╭──
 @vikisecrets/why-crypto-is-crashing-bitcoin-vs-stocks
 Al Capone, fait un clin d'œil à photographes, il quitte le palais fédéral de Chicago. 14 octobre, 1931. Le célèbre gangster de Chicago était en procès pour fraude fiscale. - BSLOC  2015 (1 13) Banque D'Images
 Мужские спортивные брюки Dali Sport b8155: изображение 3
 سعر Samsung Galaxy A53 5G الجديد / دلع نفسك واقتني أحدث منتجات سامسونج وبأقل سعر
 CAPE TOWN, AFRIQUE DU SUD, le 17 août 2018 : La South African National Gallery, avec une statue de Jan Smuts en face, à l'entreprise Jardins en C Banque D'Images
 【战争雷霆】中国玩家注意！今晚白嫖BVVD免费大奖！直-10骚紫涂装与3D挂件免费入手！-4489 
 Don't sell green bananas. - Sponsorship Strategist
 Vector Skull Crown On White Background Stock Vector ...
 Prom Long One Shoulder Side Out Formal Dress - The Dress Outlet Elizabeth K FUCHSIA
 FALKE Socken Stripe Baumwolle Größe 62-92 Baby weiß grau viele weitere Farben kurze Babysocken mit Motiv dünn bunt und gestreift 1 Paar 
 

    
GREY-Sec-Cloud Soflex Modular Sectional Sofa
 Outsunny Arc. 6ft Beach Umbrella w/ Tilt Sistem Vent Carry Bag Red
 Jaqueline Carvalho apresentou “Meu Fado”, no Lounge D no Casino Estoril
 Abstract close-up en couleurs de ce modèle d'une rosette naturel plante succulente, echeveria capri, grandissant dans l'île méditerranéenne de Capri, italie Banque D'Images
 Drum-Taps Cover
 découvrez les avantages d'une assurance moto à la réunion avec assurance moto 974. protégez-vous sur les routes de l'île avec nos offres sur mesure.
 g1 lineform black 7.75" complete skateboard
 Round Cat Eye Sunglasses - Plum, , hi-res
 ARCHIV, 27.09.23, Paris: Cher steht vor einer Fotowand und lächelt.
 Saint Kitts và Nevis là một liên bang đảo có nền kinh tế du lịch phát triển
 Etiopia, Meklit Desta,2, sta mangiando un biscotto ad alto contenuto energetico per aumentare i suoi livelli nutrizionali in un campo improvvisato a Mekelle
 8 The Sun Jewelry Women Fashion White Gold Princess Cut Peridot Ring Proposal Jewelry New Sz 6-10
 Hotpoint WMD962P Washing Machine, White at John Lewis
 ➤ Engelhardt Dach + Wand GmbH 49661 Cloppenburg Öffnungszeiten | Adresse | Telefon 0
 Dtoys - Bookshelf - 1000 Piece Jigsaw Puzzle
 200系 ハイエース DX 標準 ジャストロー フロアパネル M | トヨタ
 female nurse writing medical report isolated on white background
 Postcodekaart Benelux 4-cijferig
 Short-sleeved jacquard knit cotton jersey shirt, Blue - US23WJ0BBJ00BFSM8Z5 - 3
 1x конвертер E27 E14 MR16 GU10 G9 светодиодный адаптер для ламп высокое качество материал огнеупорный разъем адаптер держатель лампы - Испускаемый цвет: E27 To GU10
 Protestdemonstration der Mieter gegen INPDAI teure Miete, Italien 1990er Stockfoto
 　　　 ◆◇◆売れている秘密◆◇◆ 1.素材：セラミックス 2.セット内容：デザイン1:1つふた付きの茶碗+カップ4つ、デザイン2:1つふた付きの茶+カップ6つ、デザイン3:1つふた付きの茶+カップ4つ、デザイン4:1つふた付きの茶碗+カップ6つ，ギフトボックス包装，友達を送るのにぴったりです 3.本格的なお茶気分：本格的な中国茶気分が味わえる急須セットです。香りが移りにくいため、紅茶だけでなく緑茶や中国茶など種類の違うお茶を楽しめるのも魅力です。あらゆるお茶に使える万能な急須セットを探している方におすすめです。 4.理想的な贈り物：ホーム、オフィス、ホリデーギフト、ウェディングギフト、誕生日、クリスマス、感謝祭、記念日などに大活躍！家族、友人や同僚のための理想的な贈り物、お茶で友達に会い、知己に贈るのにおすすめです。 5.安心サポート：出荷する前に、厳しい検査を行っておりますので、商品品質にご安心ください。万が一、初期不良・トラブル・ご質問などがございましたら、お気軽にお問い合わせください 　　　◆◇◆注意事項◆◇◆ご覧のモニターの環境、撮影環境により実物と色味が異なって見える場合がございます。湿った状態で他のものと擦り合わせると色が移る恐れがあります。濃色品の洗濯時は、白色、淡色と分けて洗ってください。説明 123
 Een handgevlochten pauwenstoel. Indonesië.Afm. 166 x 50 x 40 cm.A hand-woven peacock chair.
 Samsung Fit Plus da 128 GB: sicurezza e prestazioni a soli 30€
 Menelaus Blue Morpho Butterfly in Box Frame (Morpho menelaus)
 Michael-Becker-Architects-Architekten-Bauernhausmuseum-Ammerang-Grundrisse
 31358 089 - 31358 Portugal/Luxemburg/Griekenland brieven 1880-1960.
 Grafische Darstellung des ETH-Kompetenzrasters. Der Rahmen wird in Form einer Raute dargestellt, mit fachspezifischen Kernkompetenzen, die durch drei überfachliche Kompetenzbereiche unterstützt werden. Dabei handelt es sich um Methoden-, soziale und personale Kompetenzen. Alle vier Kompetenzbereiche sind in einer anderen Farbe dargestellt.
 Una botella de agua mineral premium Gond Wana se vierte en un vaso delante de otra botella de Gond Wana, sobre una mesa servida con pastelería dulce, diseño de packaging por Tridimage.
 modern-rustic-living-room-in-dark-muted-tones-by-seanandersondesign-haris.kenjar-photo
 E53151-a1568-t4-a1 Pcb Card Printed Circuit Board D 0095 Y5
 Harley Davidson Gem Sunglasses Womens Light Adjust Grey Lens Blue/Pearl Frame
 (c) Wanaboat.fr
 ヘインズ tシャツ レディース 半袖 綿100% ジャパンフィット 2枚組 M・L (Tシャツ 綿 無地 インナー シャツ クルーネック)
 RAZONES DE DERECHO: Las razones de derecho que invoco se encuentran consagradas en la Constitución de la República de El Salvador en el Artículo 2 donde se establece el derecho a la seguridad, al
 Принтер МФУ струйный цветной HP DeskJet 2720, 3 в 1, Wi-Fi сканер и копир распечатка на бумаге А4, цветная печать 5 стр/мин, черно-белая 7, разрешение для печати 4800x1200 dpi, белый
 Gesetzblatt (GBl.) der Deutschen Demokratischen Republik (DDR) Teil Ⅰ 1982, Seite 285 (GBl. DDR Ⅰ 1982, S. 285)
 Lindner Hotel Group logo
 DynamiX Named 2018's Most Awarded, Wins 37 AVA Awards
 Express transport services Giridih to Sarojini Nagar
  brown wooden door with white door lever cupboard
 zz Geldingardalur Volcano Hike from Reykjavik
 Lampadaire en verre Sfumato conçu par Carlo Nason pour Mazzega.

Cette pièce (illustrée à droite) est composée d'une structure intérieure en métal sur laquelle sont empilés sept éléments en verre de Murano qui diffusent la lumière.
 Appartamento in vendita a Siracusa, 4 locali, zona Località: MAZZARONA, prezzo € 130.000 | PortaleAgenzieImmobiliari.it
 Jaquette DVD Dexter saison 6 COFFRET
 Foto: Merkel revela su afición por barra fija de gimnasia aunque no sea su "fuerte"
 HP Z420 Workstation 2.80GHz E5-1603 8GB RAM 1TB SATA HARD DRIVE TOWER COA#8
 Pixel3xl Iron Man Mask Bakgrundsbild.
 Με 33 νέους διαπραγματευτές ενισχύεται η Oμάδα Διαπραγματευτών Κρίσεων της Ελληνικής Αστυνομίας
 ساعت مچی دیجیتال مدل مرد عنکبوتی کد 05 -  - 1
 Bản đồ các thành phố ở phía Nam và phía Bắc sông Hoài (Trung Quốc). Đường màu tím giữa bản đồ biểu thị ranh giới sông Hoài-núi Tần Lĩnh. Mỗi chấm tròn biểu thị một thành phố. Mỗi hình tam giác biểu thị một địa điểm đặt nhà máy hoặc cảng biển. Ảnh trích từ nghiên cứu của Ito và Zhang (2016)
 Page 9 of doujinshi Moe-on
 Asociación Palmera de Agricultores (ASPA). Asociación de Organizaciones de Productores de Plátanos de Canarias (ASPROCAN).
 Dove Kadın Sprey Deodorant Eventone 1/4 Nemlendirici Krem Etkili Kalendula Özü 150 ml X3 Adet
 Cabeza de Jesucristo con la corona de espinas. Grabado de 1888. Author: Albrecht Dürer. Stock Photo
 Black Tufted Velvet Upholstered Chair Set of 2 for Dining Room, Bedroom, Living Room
╰──
Task requirements:
Nothing outside this range should appear: the lines from the start of the listing through the line with "Prom Long One", each reproduced exactly, both ends included.

Solution to this task:
 @vikisecrets/why-crypto-is-crashing-bitcoin-vs-stocks
 Al Capone, fait un clin d'œil à photographes, il quitte le palais fédéral de Chicago. 14 octobre, 1931. Le célèbre gangster de Chicago était en procès pour fraude fiscale. - BSLOC  2015 (1 13) Banque D'Images
 Мужские спортивные брюки Dali Sport b8155: изображение 3
 سعر Samsung Galaxy A53 5G الجديد / دلع نفسك واقتني أحدث منتجات سامسونج وبأقل سعر
 CAPE TOWN, AFRIQUE DU SUD, le 17 août 2018 : La South African National Gallery, avec une statue de Jan Smuts en face, à l'entreprise Jardins en C Banque D'Images
 【战争雷霆】中国玩家注意！今晚白嫖BVVD免费大奖！直-10骚紫涂装与3D挂件免费入手！-4489 
 Don't sell green bananas. - Sponsorship Strategist
 Vector Skull Crown On White Background Stock Vector ...
 Prom Long One Shoulder Side Out Formal Dress - The Dress Outlet Elizabeth K FUCHSIA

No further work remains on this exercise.